▸ **Task objective**: Please copy the listing that follows exactly, leaving out any pictures.

▸ **Provided data**:
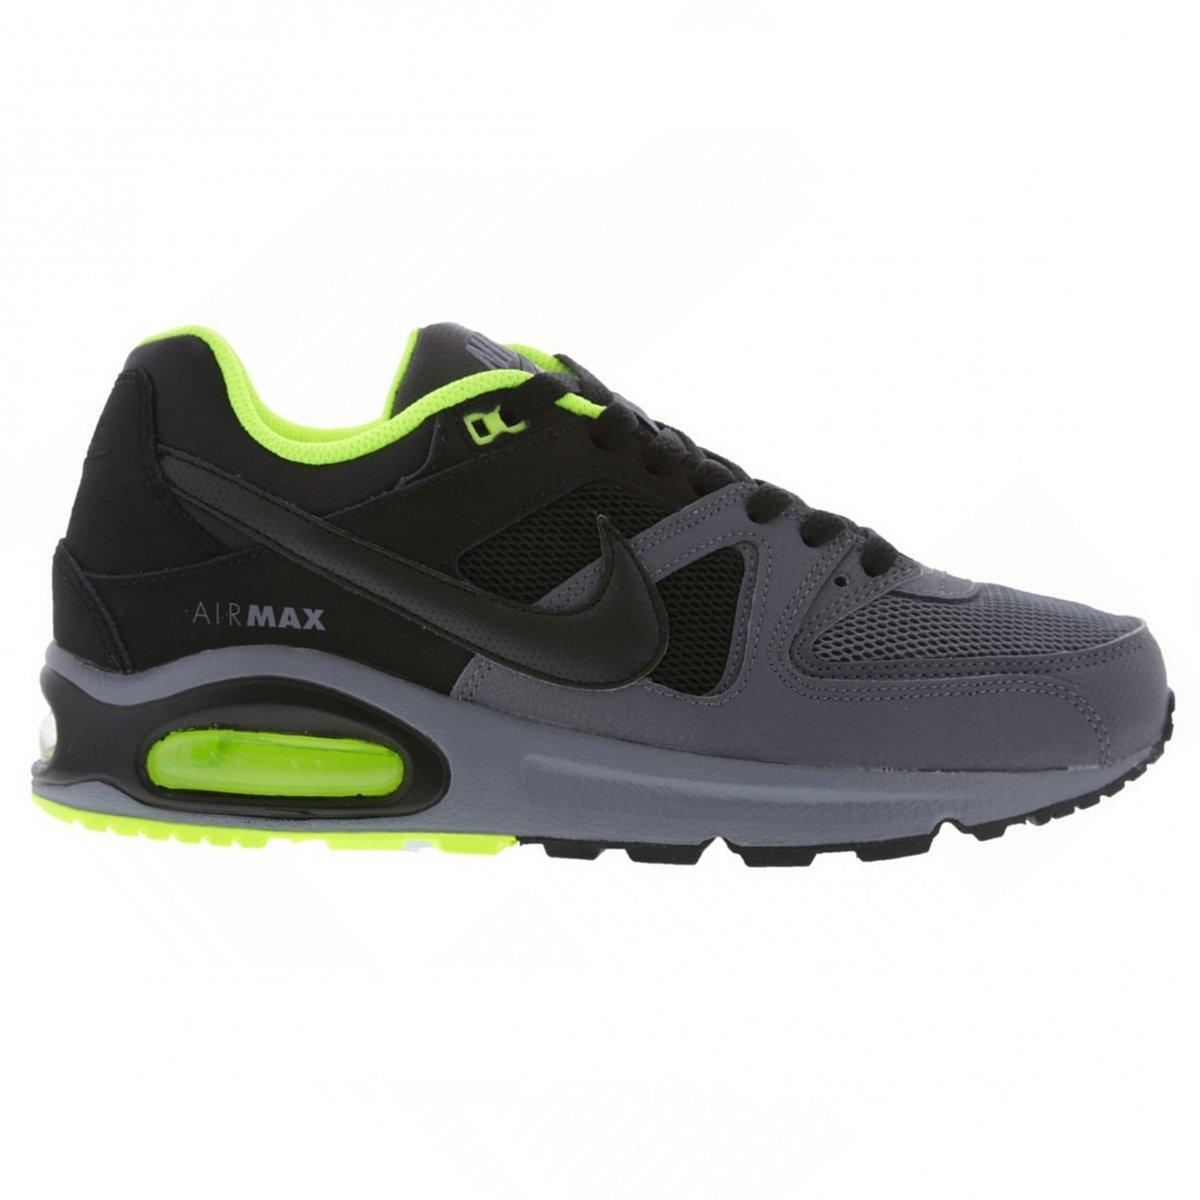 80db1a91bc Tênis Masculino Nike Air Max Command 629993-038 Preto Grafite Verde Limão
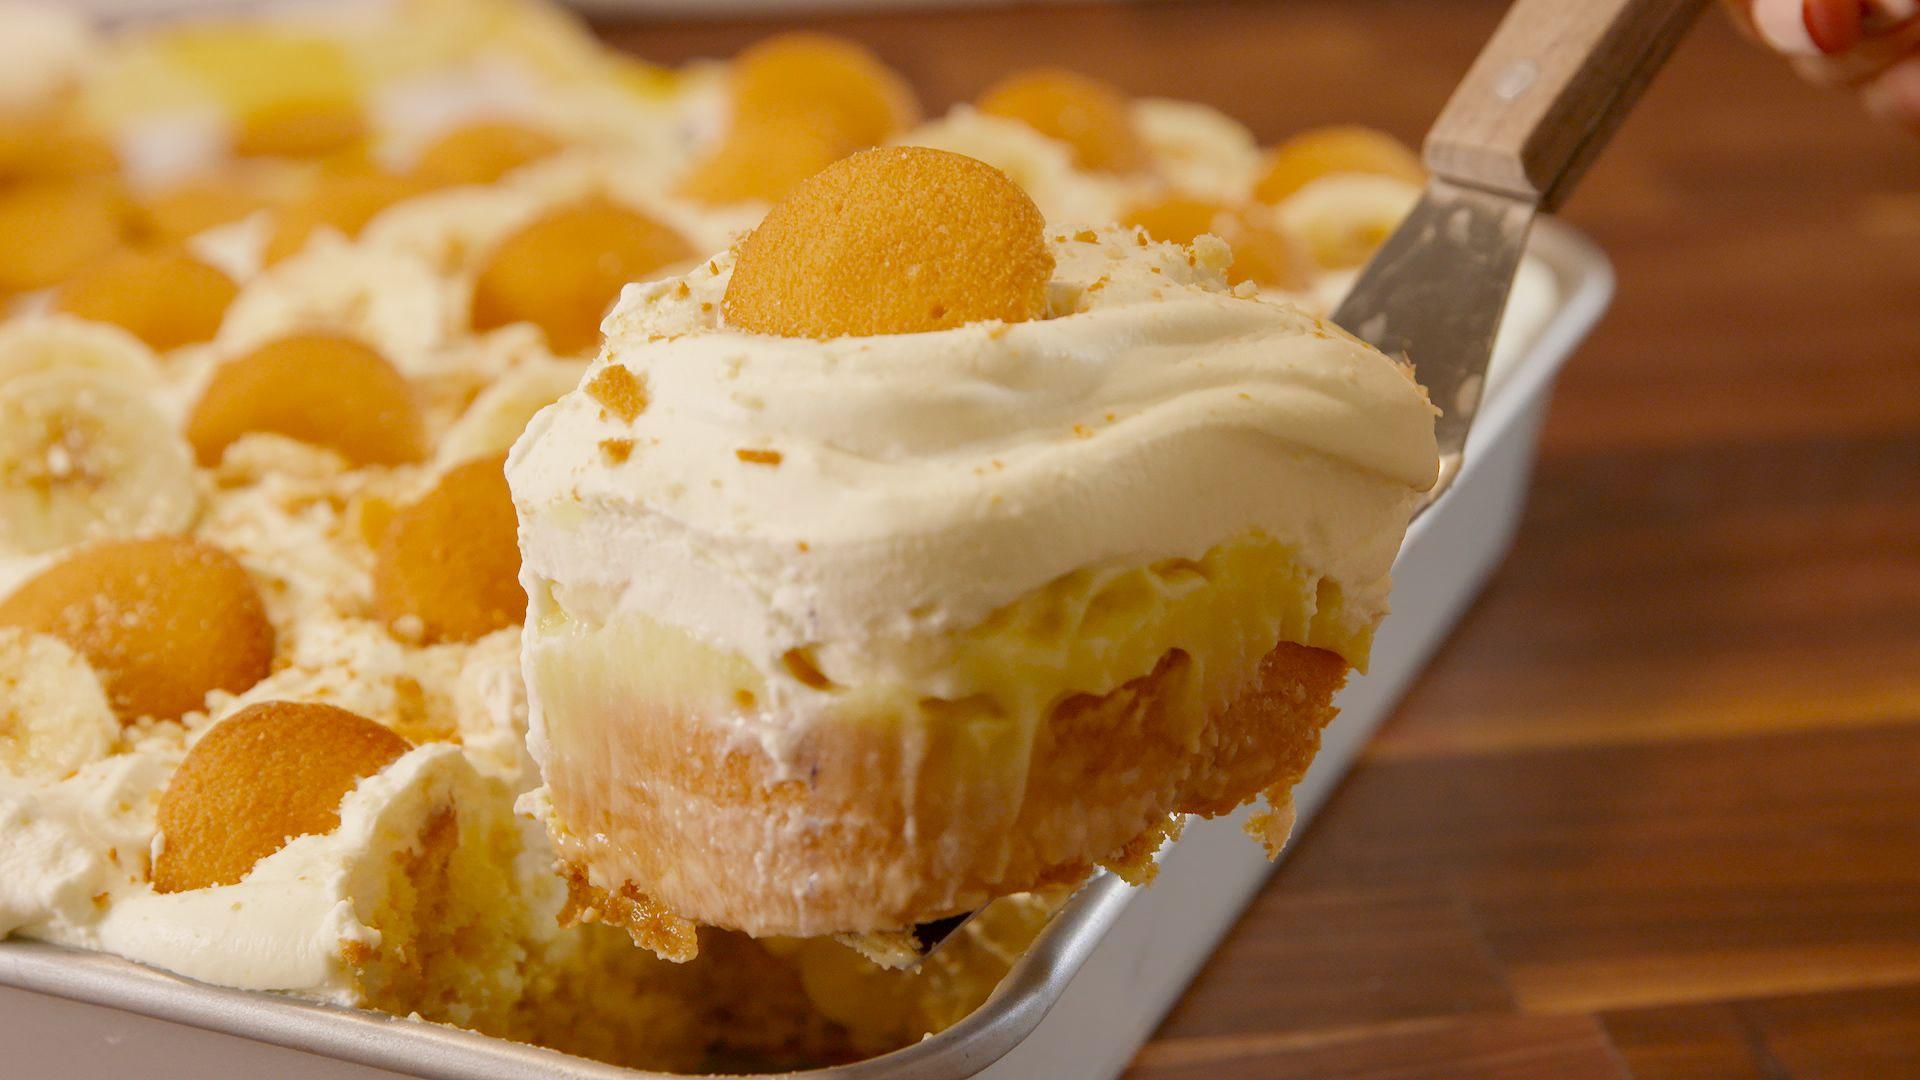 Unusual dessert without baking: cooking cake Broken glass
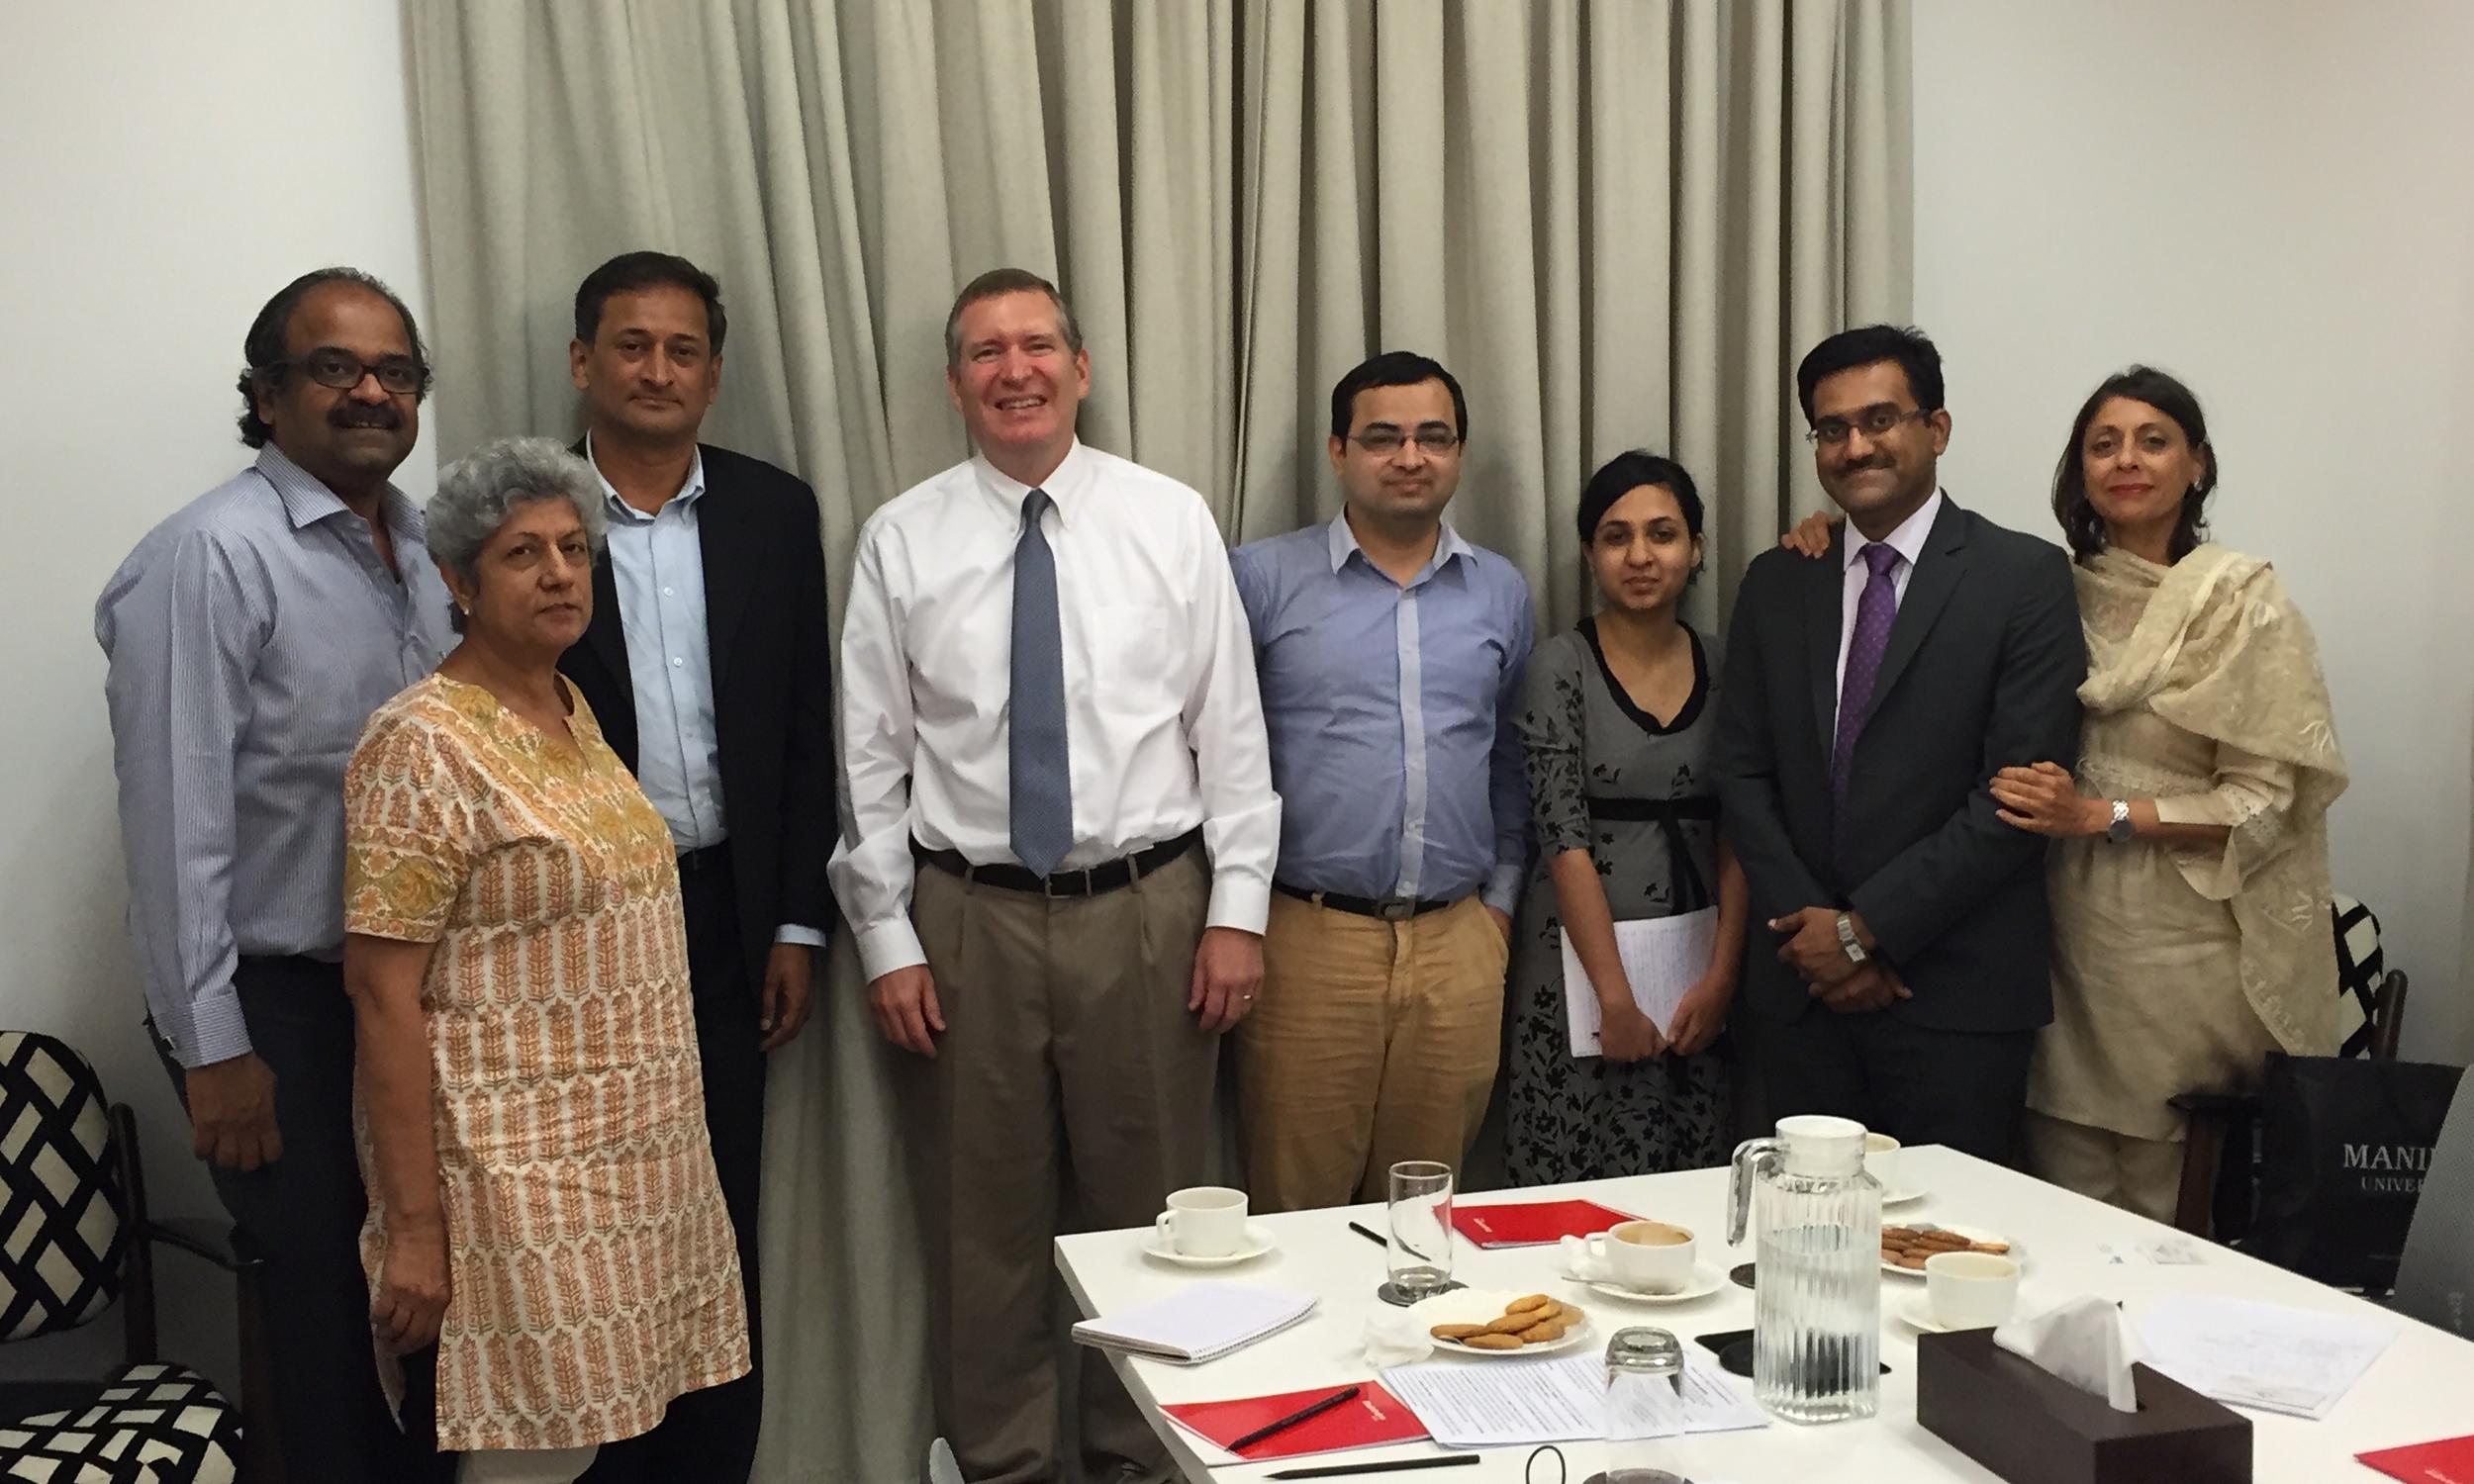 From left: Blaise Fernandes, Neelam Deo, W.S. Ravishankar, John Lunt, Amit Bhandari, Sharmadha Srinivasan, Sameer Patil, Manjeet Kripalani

▸ **Solution for this task**:
 80db1a91bc Tênis Masculino Nike Air Max Command 629993-038 Preto Grafite Verde Limão
 Unusual dessert without baking: cooking cake Broken glass
 From left: Blaise Fernandes, Neelam Deo, W.S. Ravishankar, John Lunt, Amit Bhandari, Sharmadha Srinivasan, Sameer Patil, Manjeet Kripalani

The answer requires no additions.